Wedel, J.; Kochupurakkal, N.; Kong, S. W.; Bose, S.; Lee, J.-W.; Maslyar, M.; Alsairafi, B.; Macleod, K.; Liu, K.; Zhang, H.; Komatsu, M.; Nakayama, H.; Bielenberg, D. R.; Briscoe, D.

Abstract

Co-inhibitory receptors function as central modulators of the immune response to resolve T effector activation and/or to sustain immune homeostasis. Here, using humanized SCID mice, we found that NRP2 is inducible on late effector and exhausted subsets of human CD4+ T cells and that it is co-expressed with established co-inhibitory molecules including PD-1, CTLA4, TIGIT, LAG3 and TIM3. In murine models, we also found that NRP2 is expressed on effector memory CD4+ T cells with an exhausted phenotype and that it functions as a key co-inhibitory molecule. Knockout of NRP2 resulted in hyperactive CD4+ T cell responses, and enhanced inflammation in delayed type hypersensitivity and transplantation models.

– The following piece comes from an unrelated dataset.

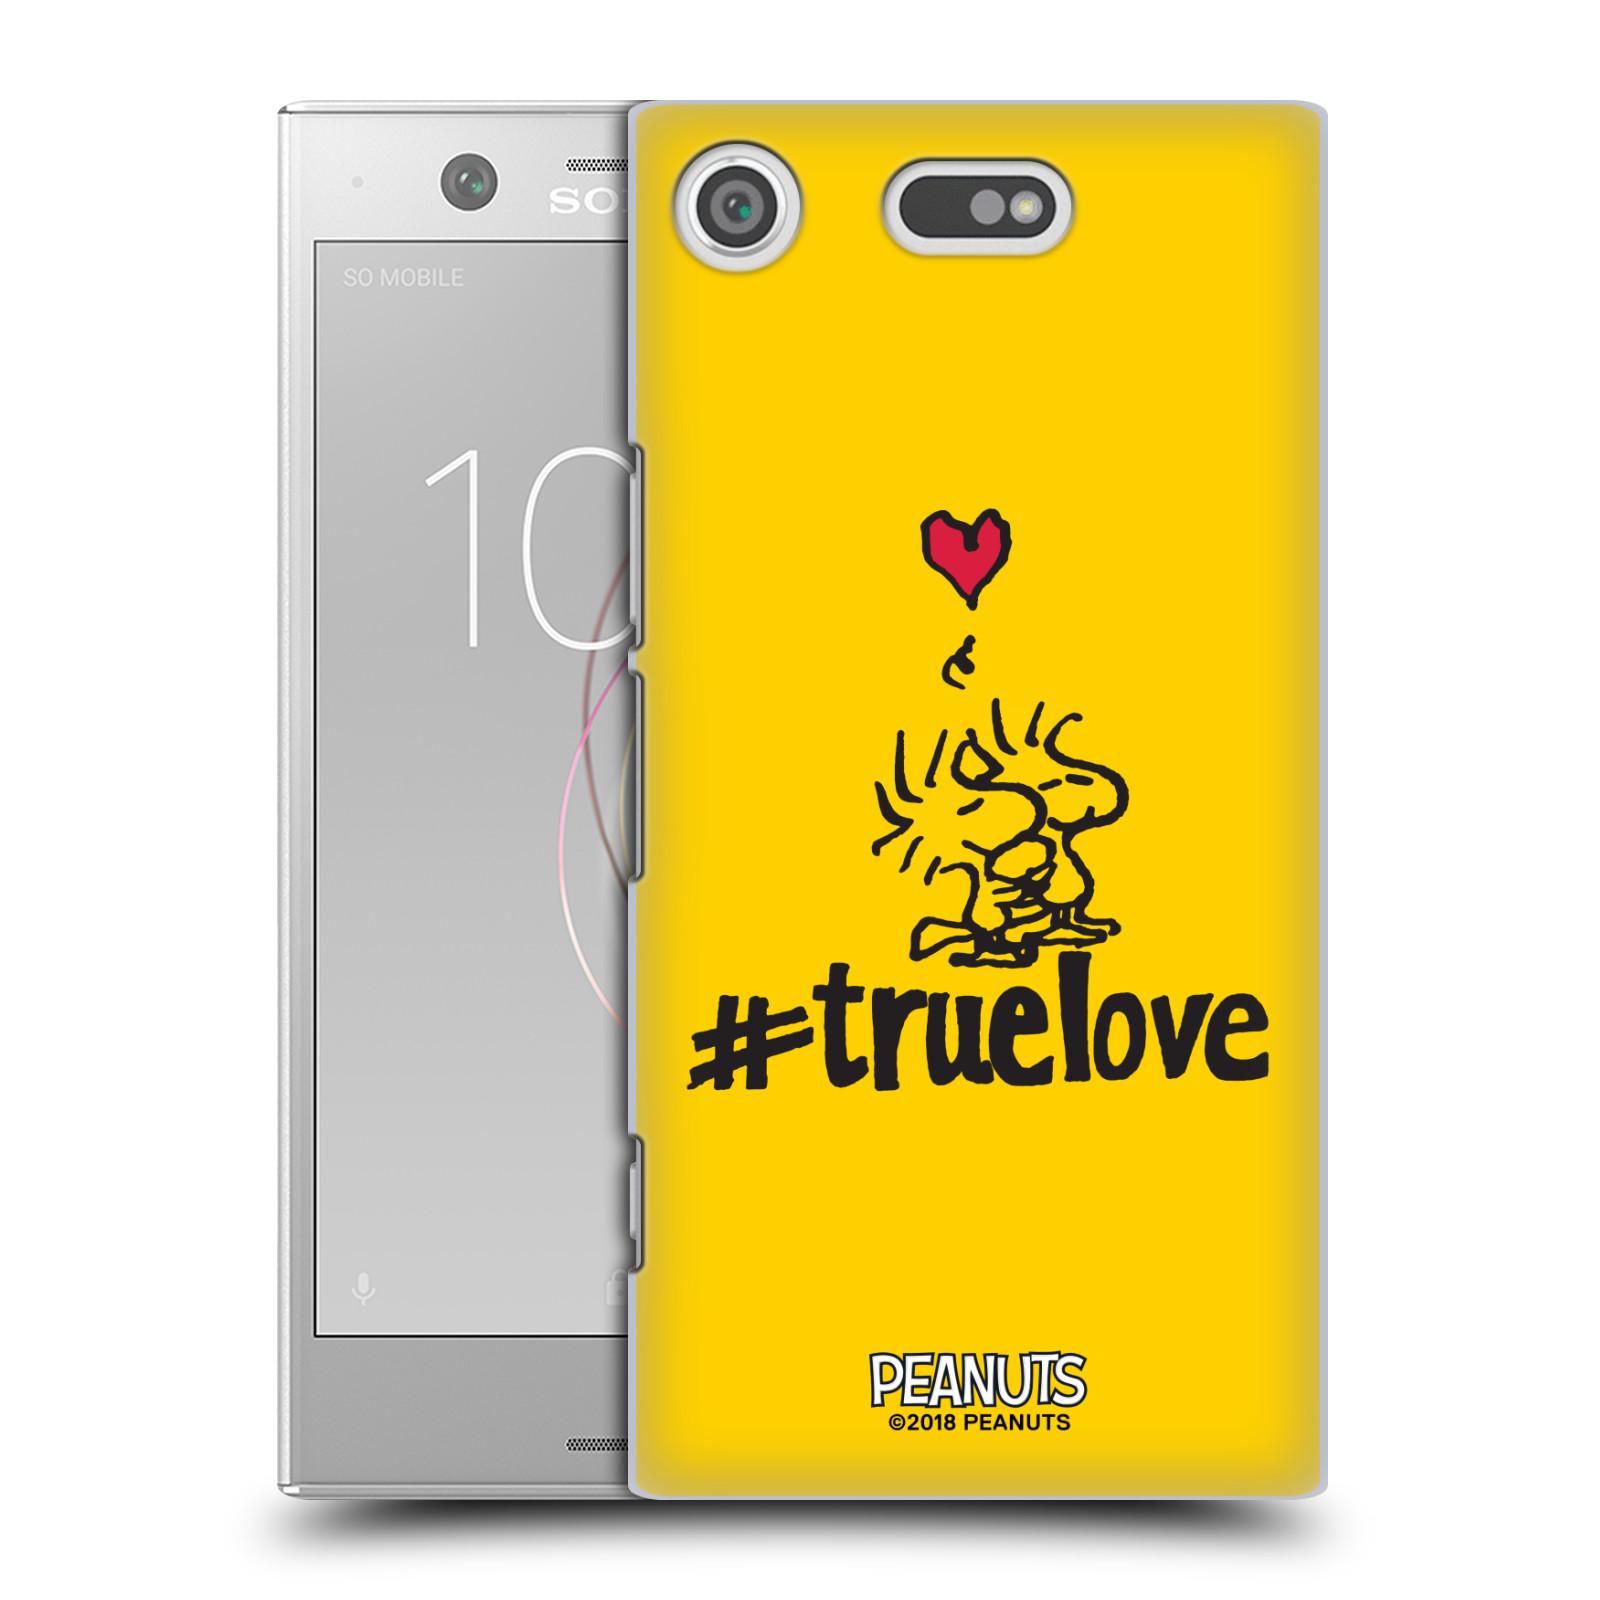 Pouzdro na mobil Sony Xperia XZ1 COMPACT Oficiální motiv Peanuts ptáčci žlutá barva srdíčko

Following cardiac transplantation, allograft rejection and graft failure was accelerated in global as well as CD4+ T cell-specific knockout recipients, and enhanced alloimmunity was dependent on NRP2 expression on CD4+ T effectors, and not on CD4+Foxp3+ T regulatory cells. Also, knockout T regulatory cells were found to be as efficient as wild type cells in the suppression of effector responses in vitro and in vivo. These collective findings identify NRP2 as a novel coinhibitory receptor and demonstrate that its expression on CD4+ T effector cells is of great functional importance in immunity.